While etanercept is used more frequently in patients with juvenile idiopathic arthritis (JIA), the efficacy, safety, and occurrence of adverse events (AEs) were similar when compared with biosimilars, according to a study published in Open Rheumatology.1 As etanercept is more expensive, investigators urge switching to biosimilars in pediatric patients whenever possible.
“For the last 20 years, etanercept [a tumor necrosis factor α (TNFα) inhibitor] has been successfully used in clinical practice,” investigators explained. “However, the high costs of biologics prevent their use as a first-line therapy despite their favorable efficacy and tolerability.”
Patents with JIA who started treatment after January 1, 2017, were included in the study using data collected from the German BIKER registry (Biologics in Pediatric Rheumatology Registry). Investigators focused on patients younger than 18 at baseline being treated with etanercept or with etanercept biosimilars, Benepali and Erelzi. Eligible participants either began treatment on etanercept, a biosimilar, or switched to a biosimilar during therapy. Disease activity and safety were compared as separate components.

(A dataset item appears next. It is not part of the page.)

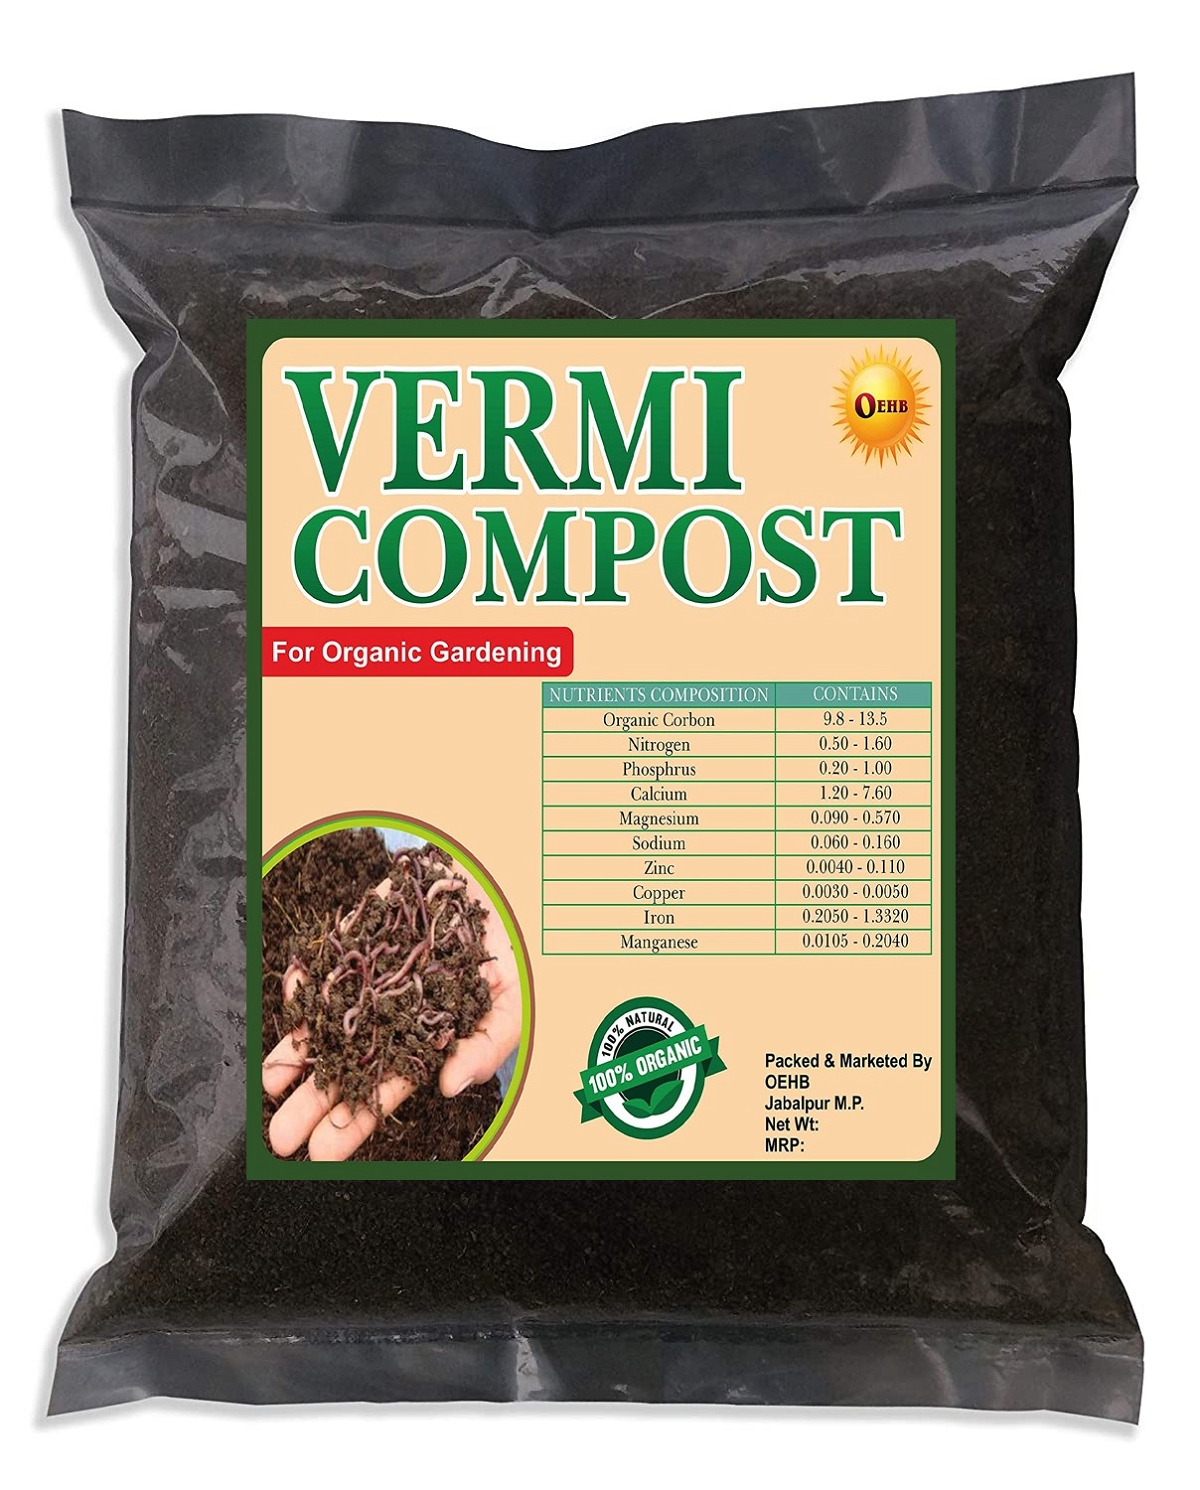 OEHB 3 in 1 100% Organic Neem Cake Powder 450gm, Vermicompost 900gm and Mustard Oil Cake 450gm (Total 1800gm) for Plant || Trace Garden || Indoor and Outdoor Plant

Efficacy was measured using the Juvenile Arthritis Disease Activity Score (JADAS-10) and the Childhood Health Assessment Questionnaire Disability Index (CHAQ-DI). Disease activity was assessed at baseline and subsequent follow-ups and rated on a visual analog scale (VAS). Safety was determined by AE reports and discontinuation rates between the 2 groups were also analyzed.
A total of 348 patients were observed, with 293 in the etanercept cohort and 55 in the biosimilar cohort. Additionally, another 57 patients switched to a biosimilar from etanercept throughout their course of therapy. Patients who received a biosimilar skewed older and had received another biologic as a premedication.
There were no significant differences between patients receiving either etanercept or a biosimilar. Disease activity at baseline and at the final follow-up were similar in both groups. Additionally, disease activity remained the same in patients who were initially treated with etanercept before switching to a biosimilar.
AEs were most frequently cited as upper respiratory tract infections, reactions at the injection site, and gastrointestinal disorders. When AE rates per 100 patient-years were examined, the biosimilar cohort had a larger proportion of AEs when compared with the etanercept cohort, mainly due to local reactions (20% vs 6.8%, respectively). However, this did not impact adherence rates. AE frequencies per patient showed no significant difference in either group. Of the 19 severe AEs that required hospitalization, there were no significant differences in occurrence rate.
In the biosimilar cohort, 29.1% (n = 16) discontinued therapy, compared with 37.2% (n = 109) in the etanercept cohort. Reasons included remission, lack of efficacy, or experiencing AEs. In the group that switched to a biosimilar, 8 out of 57 patients discontinued treatment, with 50% of these achieving remission.
The much smaller number of patients in the biosimilar cohort limits the study and may reduce statistical reliability of the results. As many centers participate in the BIKER registry, there is a possibility that the reporting behavior of AEs may differ between rheumatologists and clinics. Another potential limitation is that patients were not randomly selected between the two cohorts and differed in their characteristics. However, the differences focused on age at therapy start and number of previously received biologics, so investigators are confident in the comparability of the groups.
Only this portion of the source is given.